凌尘站在石阶上,看着这幅画面,心口那块压了许久的石头,终于彻底松了。
他每天的日子简单而满足:清晨陪云裳练剑,中午带素瑾出去游玩,傍晚去霜华的冰室陪她泡茶、亲热、做饭。夜里轮流过夜,温柔缠绵,再也没有从前那种撕心裂肺的愧疚。他甚至开始觉得,这样的平衡,或许就是他能给所有人的最好结局。
可夜里,他偶尔还是会醒来。
醒来后,他会盯着窗外漆黑的天幕,想起天魂宗那座永远笼罩在黑雾里的宫殿,想起那个笑起来眼尾弯弯、却能在下一秒让人脊背发寒的女人。
夜阑……
“要不要去找她呢……”
碧落曾经教过他:你可以暧昧,可以温柔,只要不骗自己,不骗别人。
他现在想试试。
他不想再逃,也不想再让任何人因为他而煎熬。
第二天清晨,他趁云裳、素瑾还在后院晒太阳,霜华在冰室闭目养神时,悄悄御剑离开了洞府。
剑光划破云层,他一路向天魂宗飞去。
两个时辰后,黑雾已近在眼前。
天魂宗山门前,黑雾翻滚如海,阴气森森,却挡不住他心底那股决意。他收剑落地,脚踩在湿冷的黑石上,发出极轻的“沙”声。雾气里隐隐传来鬼火燃烧的“噼啪”声,像无数冤魂在低语。
他刚站稳,黑雾深处忽然响起一声极轻的笑。
那笑带着鼻音,软得像蜜,却又危险得像刀锋。
“凌尘……”
夜阑的声音从雾里飘出来,像一条丝线,直接缠上他的耳廓。
她提前出关了。
她其实早在数天前就感知到他魂魄里的那缕微弱悸动——血魂锁虽已断裂,可她用本命精血留下的“子印”还在。那缕印记像一根极细的血丝,悄无声息地连着他的心跳。她一感觉到他动身,就立刻结束闭关,换上那件极薄的血色纱裙,赤着脚站在主殿门口等他。
她很久没见过他了。
真的很久。
每一次感受到他抱着云裳、素瑾、霜华时的情绪与欲望,她心口就像被火烧,却又甜得发疼。她想他想得发疯,却又强迫自己忍着,等他自己来。
现在,他终于来了。
黑雾自动分开一条路。
夜阑一步一步走出来。
她今日的纱裙薄得几乎透明,血色布料紧贴着她高耸的胸脯、收细的腰肢和圆润的臀。长发乌黑如墨,披散到腰际,发梢染着妖异的暗红。她脸上没蒙黑纱,露出一张美得惊心动魄的脸——眉如远黛,眼波流转,唇色艳红,像刚饮过鲜血。皮肤白得近乎透明,下巴尖尖,笑起来有两个极浅的酒窝,却藏着刀。

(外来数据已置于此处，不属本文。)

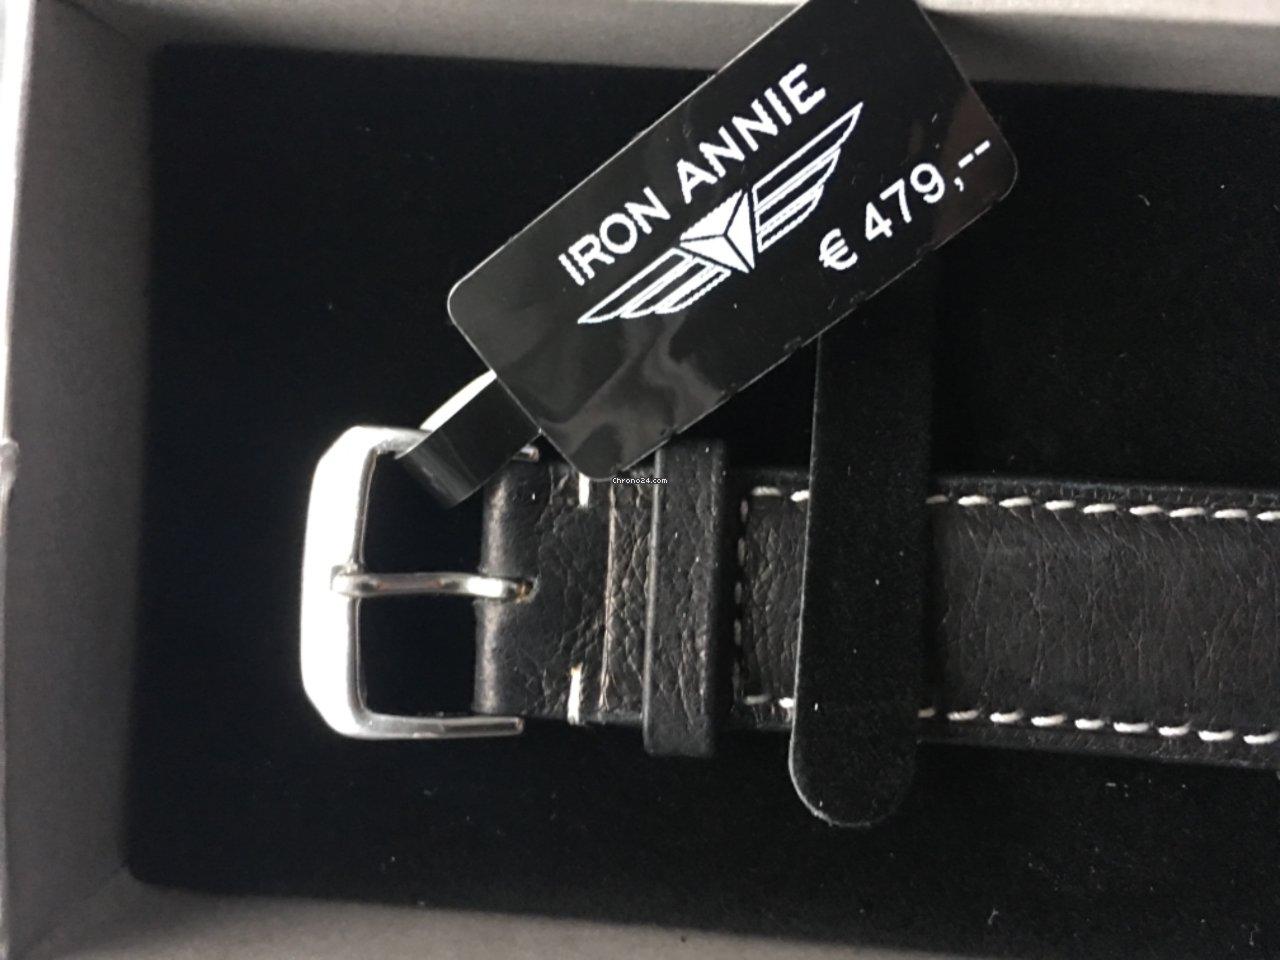 Junkers Iron annie eladó 111 701 Ft Magáneladó státuszú eladótól a  Chrono24-en 38bcd9bf82

她停在他面前三步远,赤足踩在黑石上,脚踝的血玉铃铛轻轻一响,像催命的乐声。
“凌尘……你终于肯来找我了。”
她声音软得发颤,眼底却亮得吓人,像两团压抑了许久的火。
凌尘看着她,心口忽然一紧。
但他不再后退。
反而上前一步,主动伸出手,握住她的手腕。
夜阑浑身猛地一颤。
她没想到他会主动。
她眼底瞬间涌起狂喜,像一朵终于等到雨水的血莲,瞬间绽放。
凌尘的声音很轻,却带着从未有过的温柔:“阑儿……我来了。”
他拉着她,往黑雾深处走。
夜阑被他牵着,手指微微发抖,却紧紧反握住他,像怕他下一秒就消失。
两人一路走到那间熟悉的黑玉寝殿。
殿门一关,黑雾自动隔绝外界。
殿内血魂晶幽幽发光,像无数双眼睛在暗中注视,却又带着一丝暧昧的红。
凌尘把她推到黑玉榻边,自己却没急着脱衣服。
他低头,主动吻上她的唇。
这次的吻极温柔,却又带着主动的掠夺。
舌尖探进去,卷住她的小舌,缓缓缠绵。夜阑先是愣住,随后猛地抱住他的脖子,吻得更加痴迷。她的舌头疯狂回应,像要把这两年的所有思念都吞进去。津液交换间发出细碎的“啧啧”声,带着她独有的血与麝香的甜腥味。
凌尘一边吻她,一边手掌顺着她腰线往下,隔着薄纱握住她圆润的臀瓣。指腹陷入软肉,那里热得发烫,像两瓣熟透的蜜桃。他轻轻揉捏,夜阑立刻低低哼了一声,腰身往他怀里软。
她喘息着推开一点距离,眼底水光盈盈:“凌尘…你…真的愿意吗?”
凌尘没回答,只是低头吻她颈侧,唇瓣贴上去时,她颈侧的皮肤瞬间起了一层细小的颤栗。他声音轻盈,却温柔得像在哄孩子:“阑儿……让我好好疼你。”